ChIP assays were performed using control and denervated gastrocnemius samples from the same animal following the protocol described by Tarradas et al. [32]. Antibodies used for immunoprecipitation were α-H3K4me3 (07-473, Millipore, Burlington, MA, USA), α-H3K27ac (ab4729, Abcam, Cambridge, UK) and α-Gata4 (ma5-15532, Thermo Fisher). We analyzed the immunoprecipitated material by qPCR using primers specific for four regions of the rat Scn5a locus (Table S2). Results are shown as percentage of input.

4.6. ChIP-Seq Assays

Denervated and contralateral innervated muscle samples from one animal were sent to Active Motif’s epigenetic services for ChIP-seq experiments for H3K27ac and data analysis.
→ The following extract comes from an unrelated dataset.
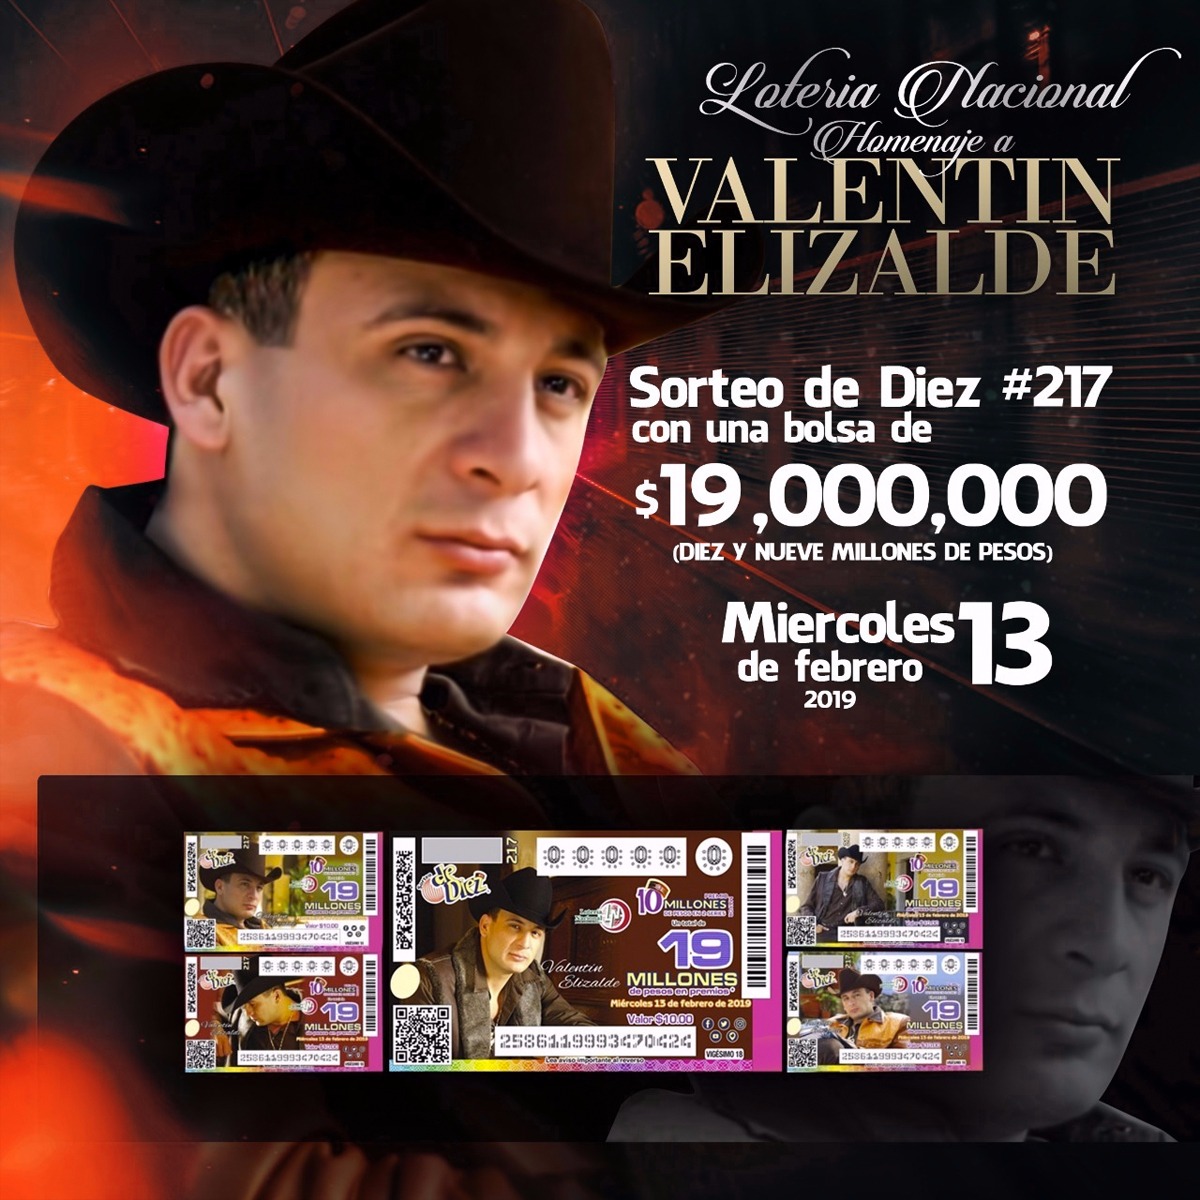 Lucirán billetes de Lotería Nacional imagen de Valentín Elizalde | Sinaloa  en Linea
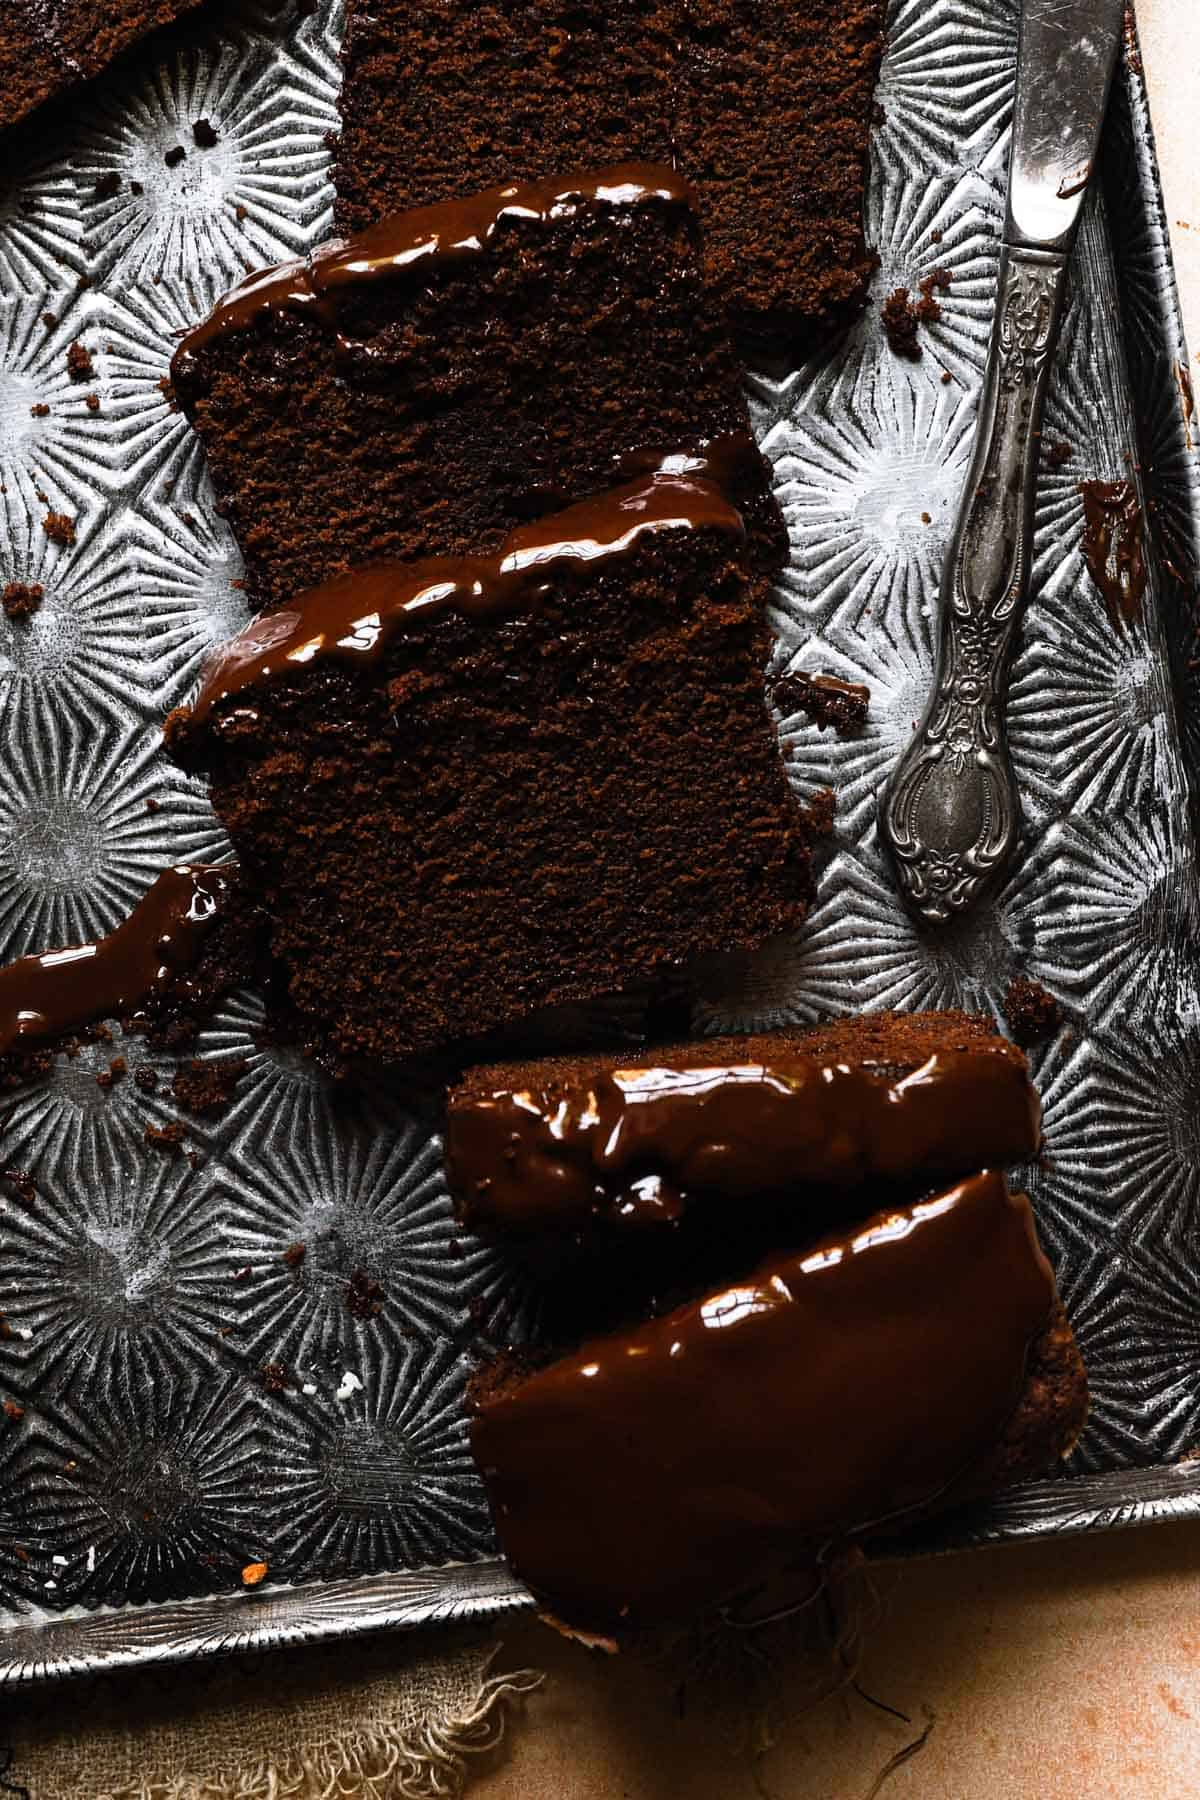 Sliced chocolate cake on a tray with a knife

Briefly, ChIP-seq libraries were sequenced on NextSeq 500 (Illumina) and sequencing reads were mapped to the reference genome using the BWA algorithm with default settings. Duplicate reads were removed and only reads that passed the Illumina’s purity filter, aligned with less than 2 mismatches, and mapped uniquely to the genome were used in subsequent analysis. ChIP peaks were called by a combination of two peak callers MACS/MACS2 and SICER. Finally, peaks were annotated and information regarding genes and other genomic features was extracted. For the super enhancers’ analysis, Active Motif uses their own software. MACS or SICER peaks generated by the ChIP-seq analysis are merged if their inner distance is equal or less than 12.500 bp. Then, the merged peaks with strongest signals (top 5%) are identified as super enhancers.

4.7. Statistical Analysis

Results are represented as mean ± SEM. Statistical analysis was performed using OriginPro 8 (OriginLab, Wellesley Hills, MA, USA). For ChIP-qPCR experiments, we compared each region between control and denervated samples with a T-test. Differences were considered significant at p ≤ 0.05 (*).